In 1793, he was appointed to the chair of natural iconography[14] at the newly created Muséum national d'histoire naturelle: it was to train miniaturist painters, now specialised in botany or zoology and recruited by competition; their works now had an explicitly scientific purpose.
Of particular note is a catalogue of flowers, Description des plantes nouvelles et peu connues, cultivées dans le jardin de J. M. Cels.
Henri-Joseph Redouté (1766-1852) was a painter at the Muséum, then took part in the Commission des Sciences et des Arts during the "Expedition to Egypt", in the company of botanists such as Ernest Coquebert de Monbret [fr], Hippolyte Nectoux [fr] and Raffeneau-Delile - the latter being responsible for the botanical plates in the Description de l'Égypte, illustrated with engravings taken from Redouté's watercolours on Bristol paper.

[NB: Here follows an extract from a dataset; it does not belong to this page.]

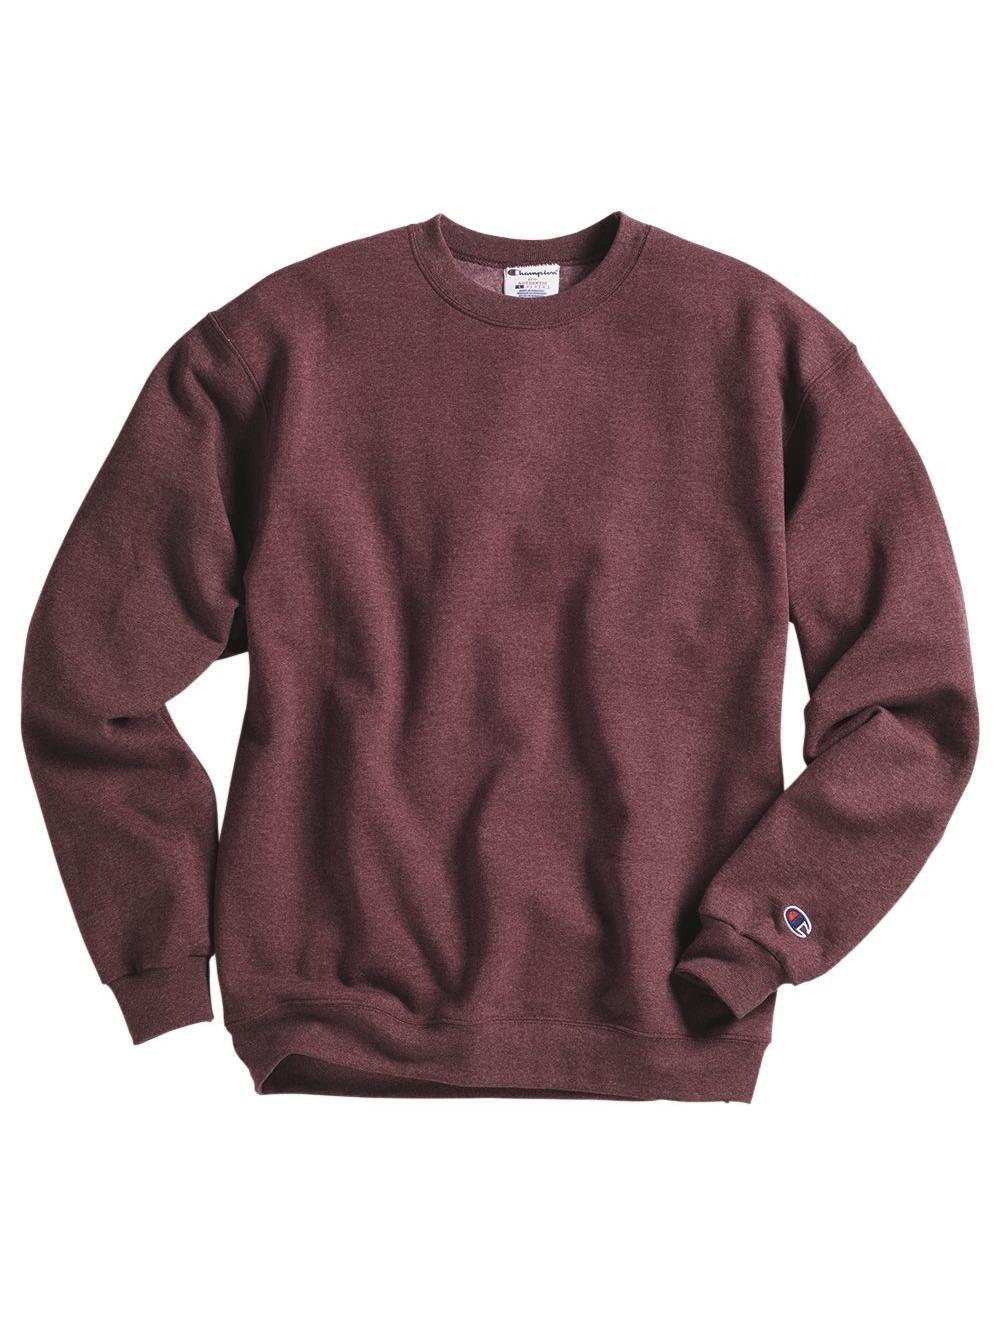 Free Shipping Buy Champion Fleece Double Dry Eco Crewneck Sweatshirt At Walmart Com Crew Neck Sweatshirt Sweatshirts Mens Crewneck Sweatshirt [ 1333 x 1000 Pixel ]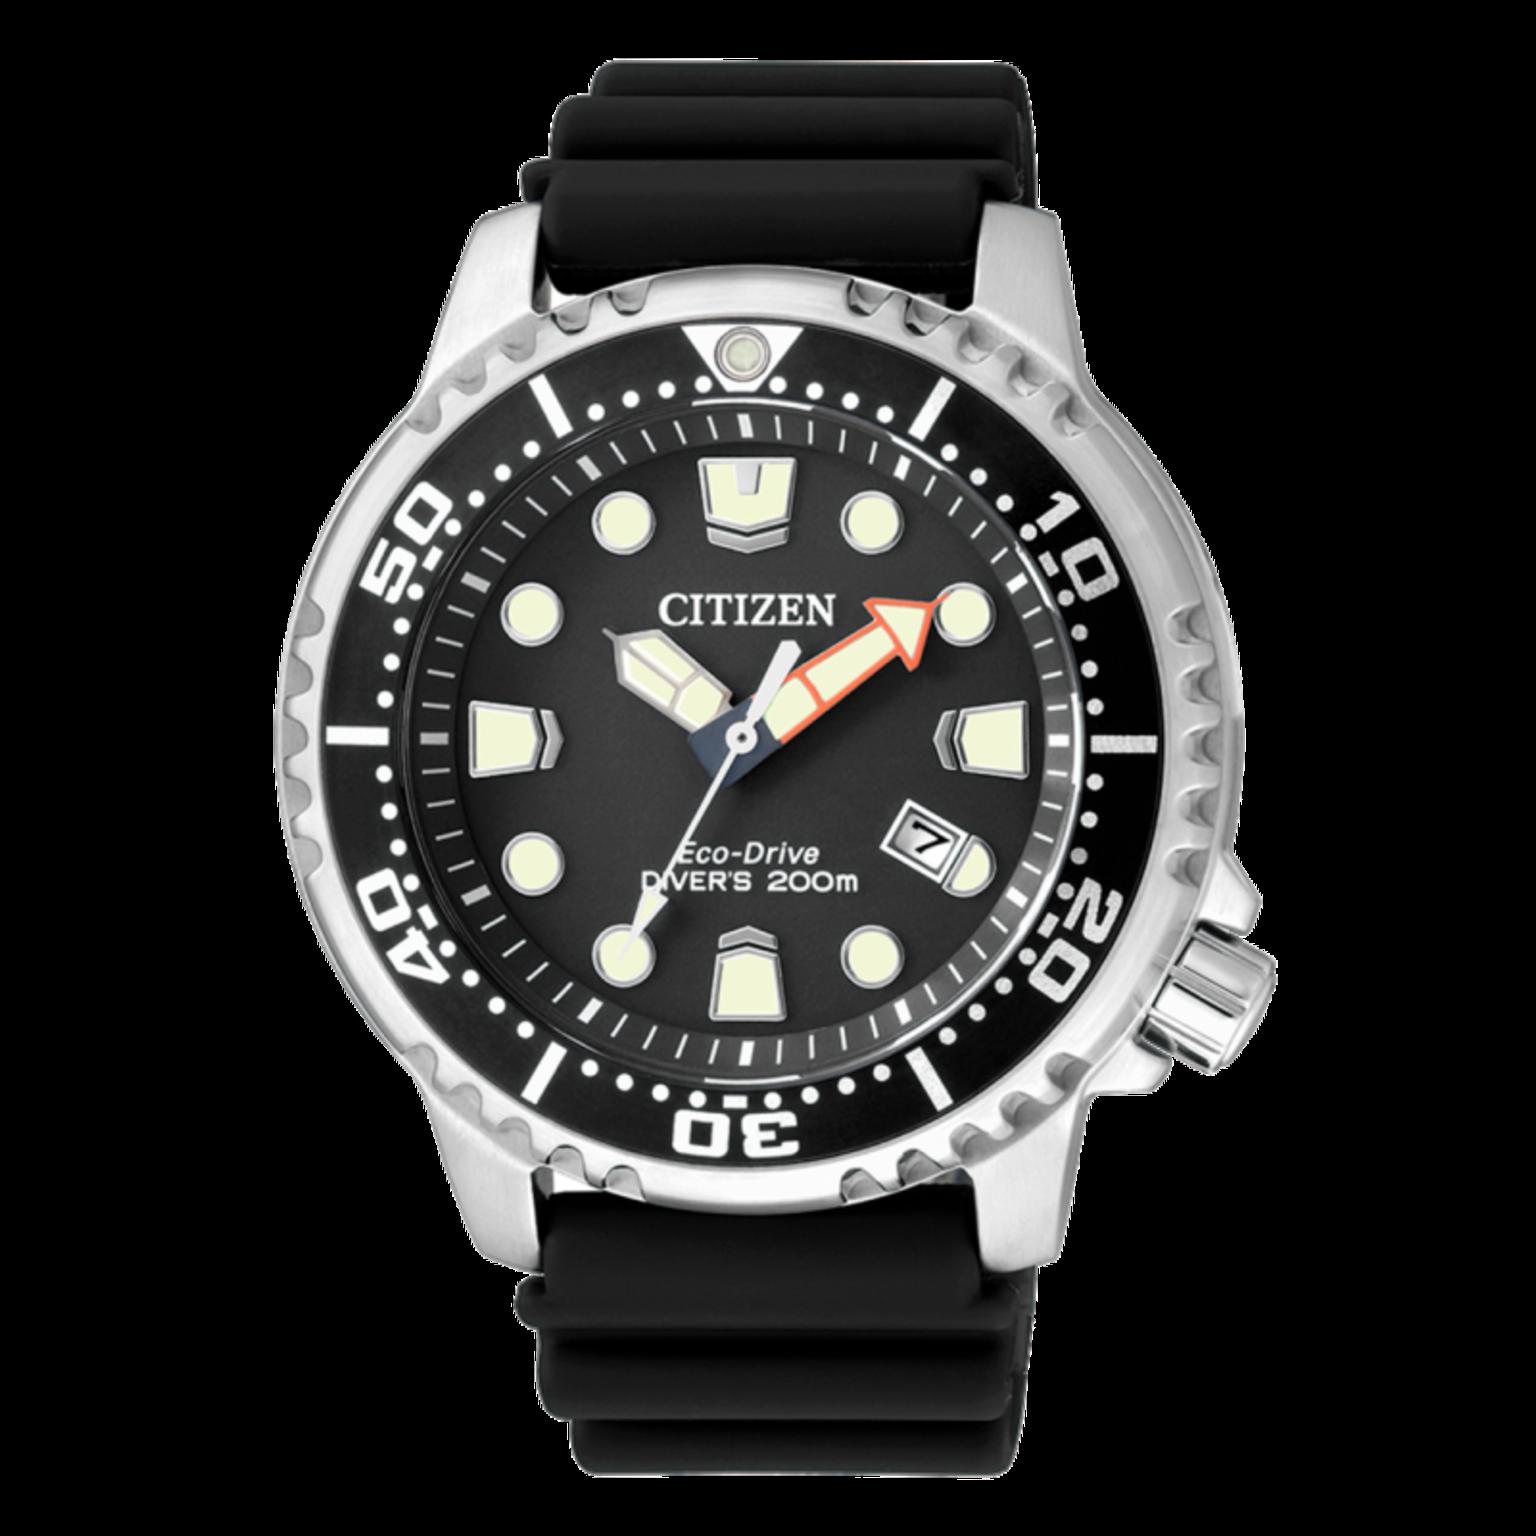 Citizen Promaster Ecodrive watch

Ange-Louis-Guillaume Le Sourd de Beauregard (Paris, 17 April 1800-1886), a pupil of van Spaendonck and a painter of flowers, also became a professor of iconography in 1841.
We can also mention Adèle Riché; Jean Saturnin Abeille de Fontaine (born in Paris in 1721, the son of Joseph Abeille); Édouard Maubert (1806-1879), who specialised in botanical and horticultural illustrations; Alfred Riocreux (1820-1912), a painter at the Manufacture Royale de Porcelaine at Sèvres, he drew for Gustave Thuret, algologist, whom he accompanied to Cherbourg (around 1844-45).